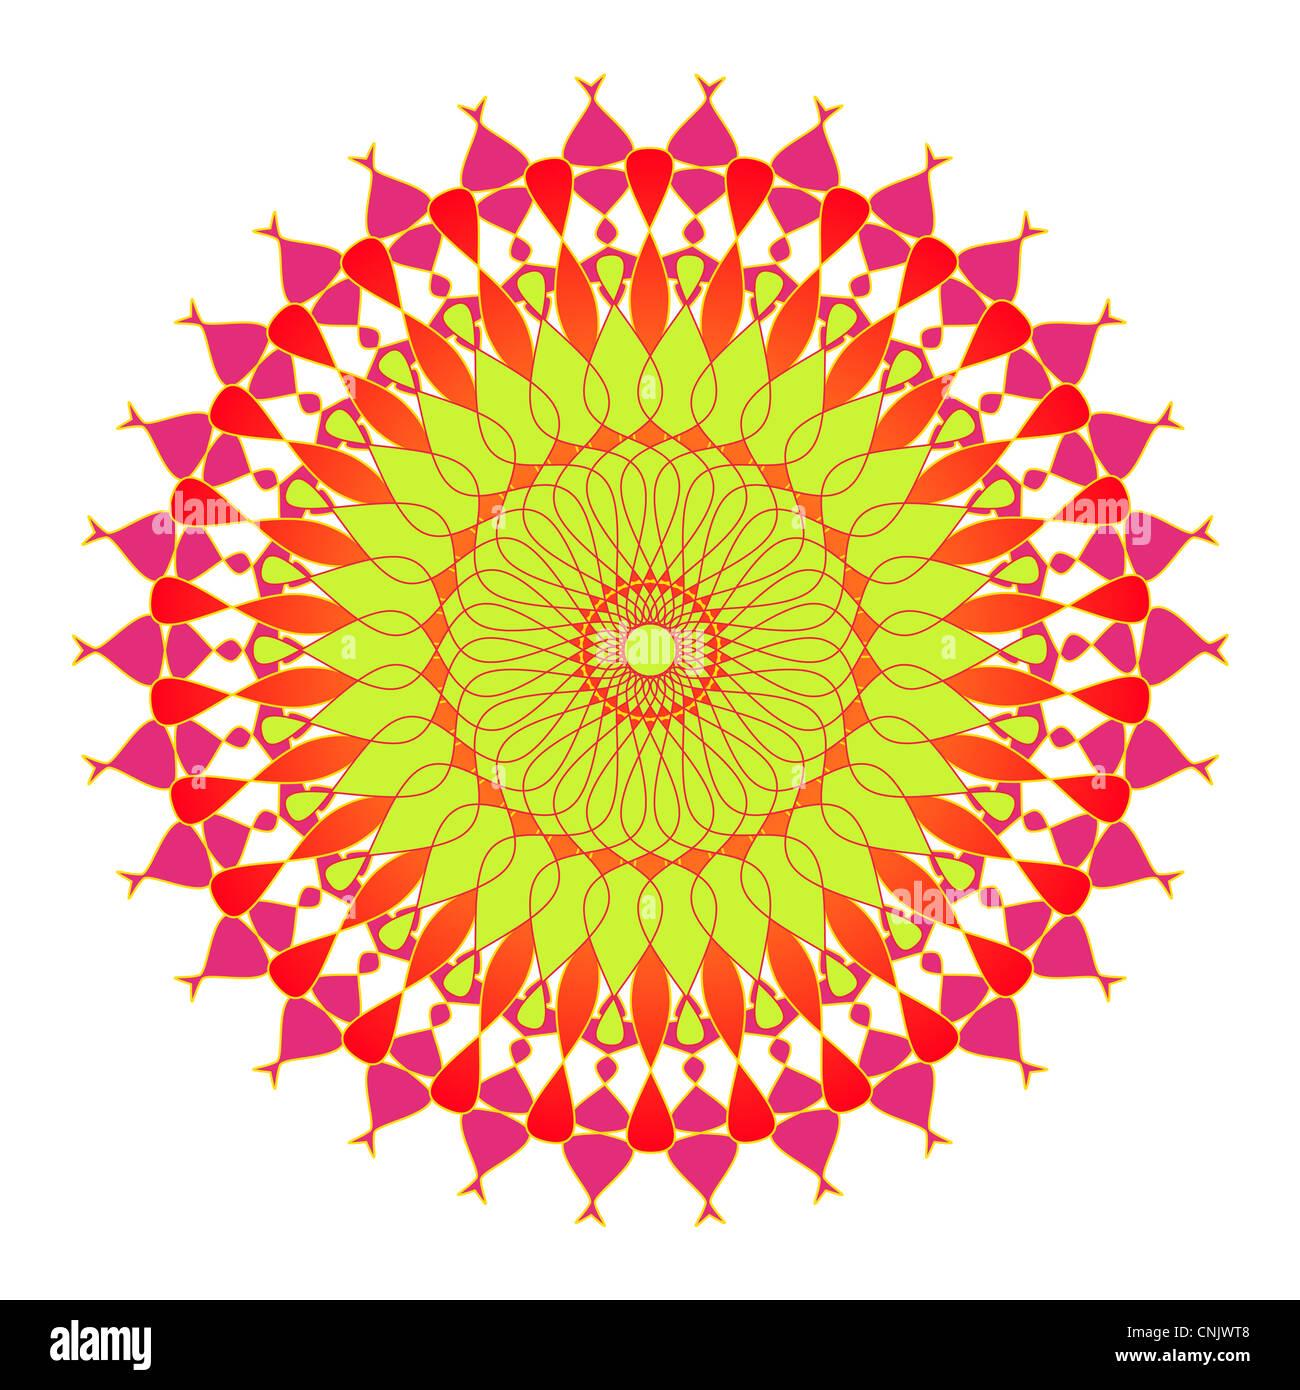 Artistic mandala design in green, pink and orange colors Stock Photo
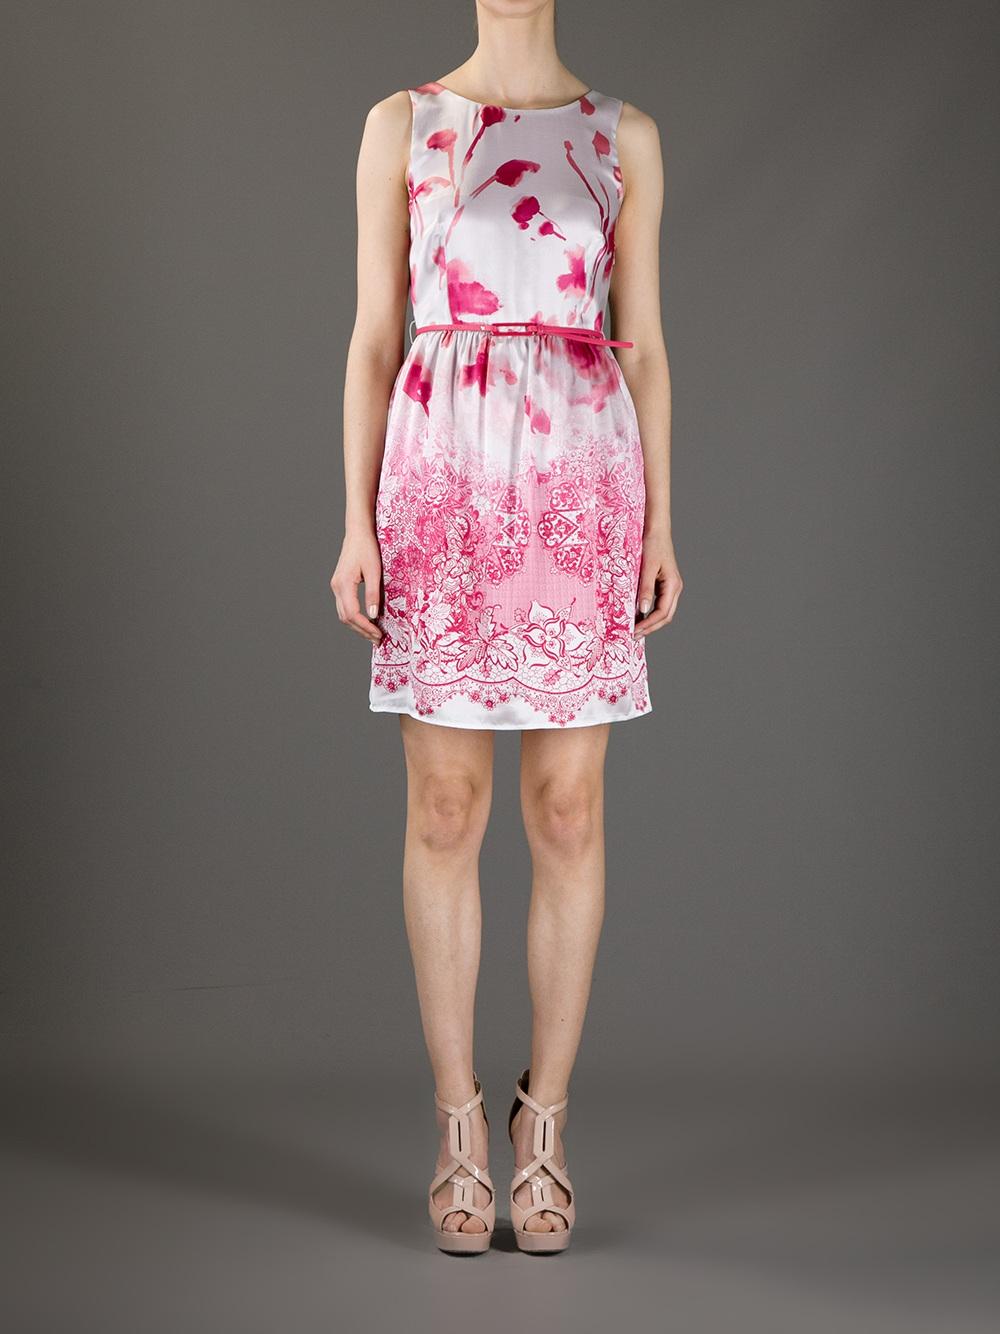 ee675ee2043 Liu Jo Mixed Floral Print Dress in Pink - Lyst
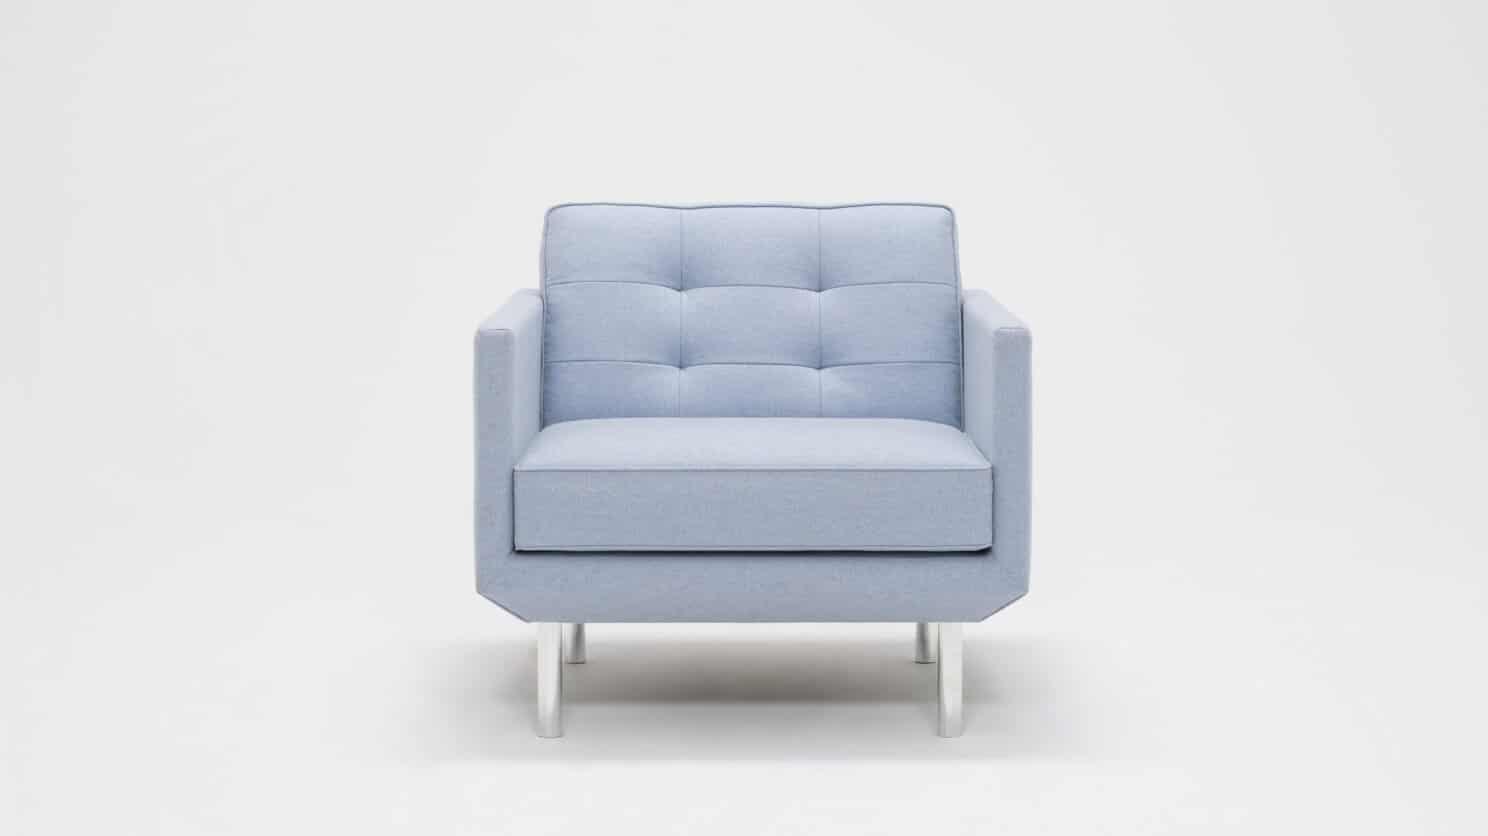 30155 95 par bp 1 chairs plateau club chair foam lana light blue front 02

(ACTIVITY)
The final stretch of the data, from the line with "ee675ee2043 Liu Jo" through its last line, is to be retyped exactly; pictures are not part of the copy.

(SOLUTION)
 ee675ee2043 Liu Jo Mixed Floral Print Dress in Pink - Lyst
 30155 95 par bp 1 chairs plateau club chair foam lana light blue front 02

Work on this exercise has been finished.